I went to my cousin’s baby’s first birthday party.

I smoothed things out between A and his family.

I took on extra assignments at work and my director talked to me about next steps (time to move on).

I celebrated my sister in-law’s birthday.

I am flying my sister up to visit me for a week this summer.

I still haven’t called the insurance company.


Things I am supposed to do: take a career development class, begin a job search for a position in the field I’ve worked myself into, save money, get the grocery budget under control, invest, play the game, become classier and classier, take night classes to get a master’s degree, make more money, arrange tasteful visits to far-flung family, send my mom a Mother’s Day gift, get married, join the Catholic church, take a small beach vacation, make friends, call the insurance company.

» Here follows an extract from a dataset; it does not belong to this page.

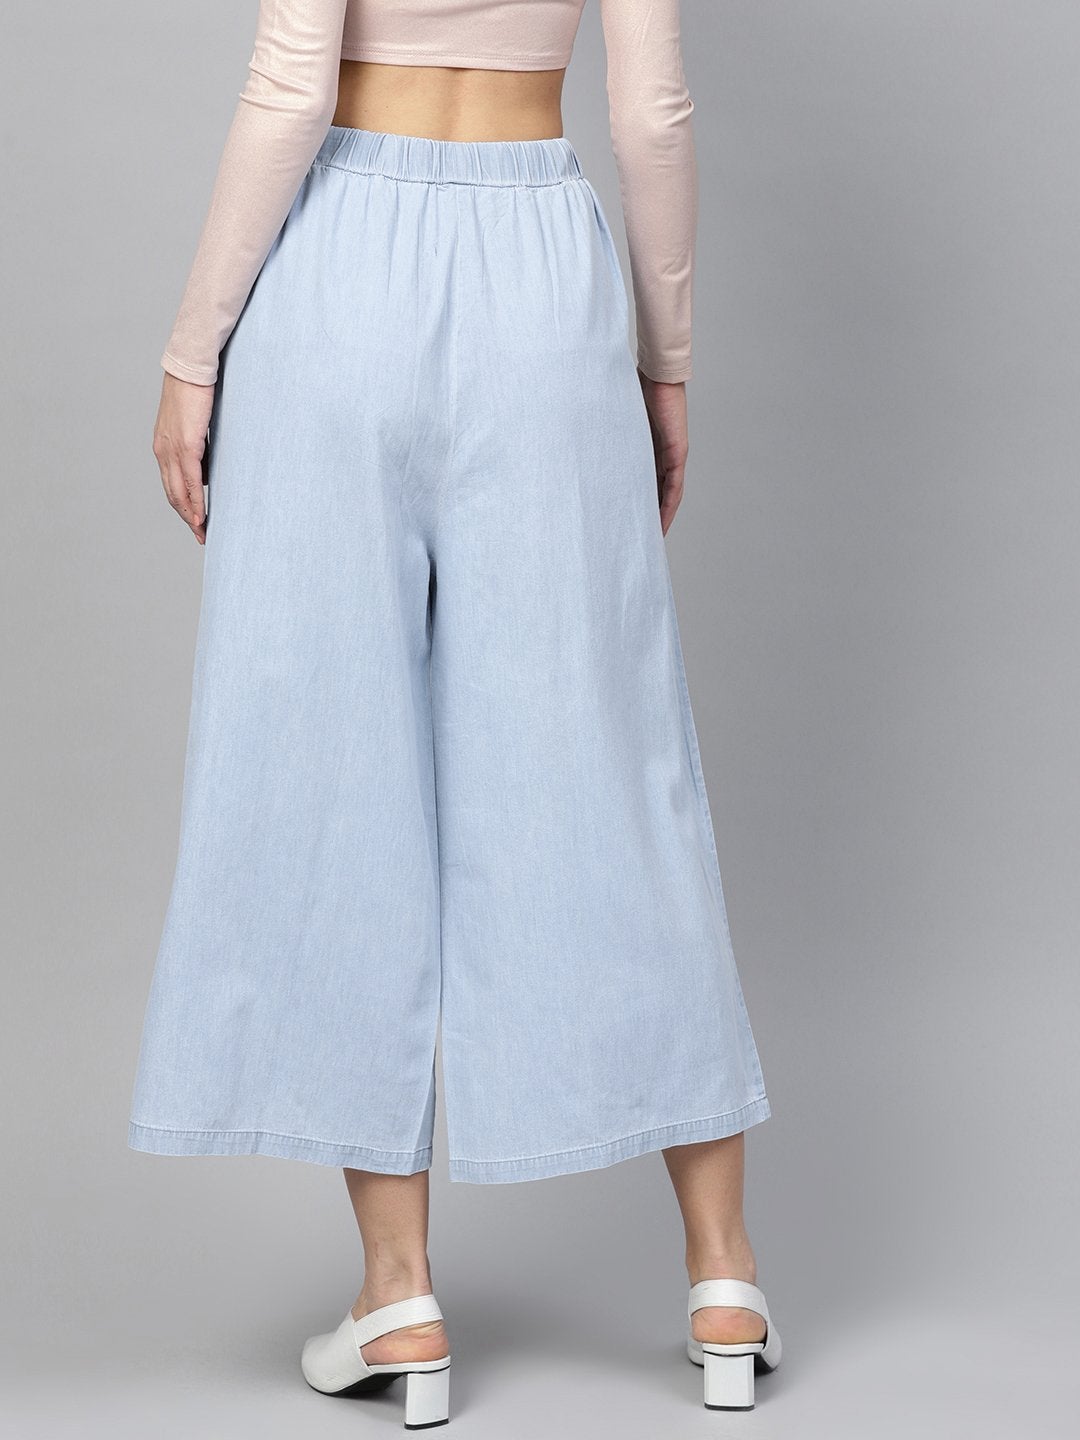 Women's Blue Denim Neon Drawstring Pants - SASSAFRAS

Things I am doing: being passively abrasive and making people feel awkward at work since I took on assignments far outside of my job description, avoiding signing up for a class, thinking about moving to Seattle, thinking about moving to Spain, thinking about the best way to move to another country, lots of thinking and not-thinking, saving a little but not a lot, being indecisive about what matters the most, feeling overwhelmed at the rapid passage of time, wanting to decorate, to create art, to make something physical and beautiful, and never finding the time or the energy, watching a little one grow, making love, being friends, not calling the insurance company.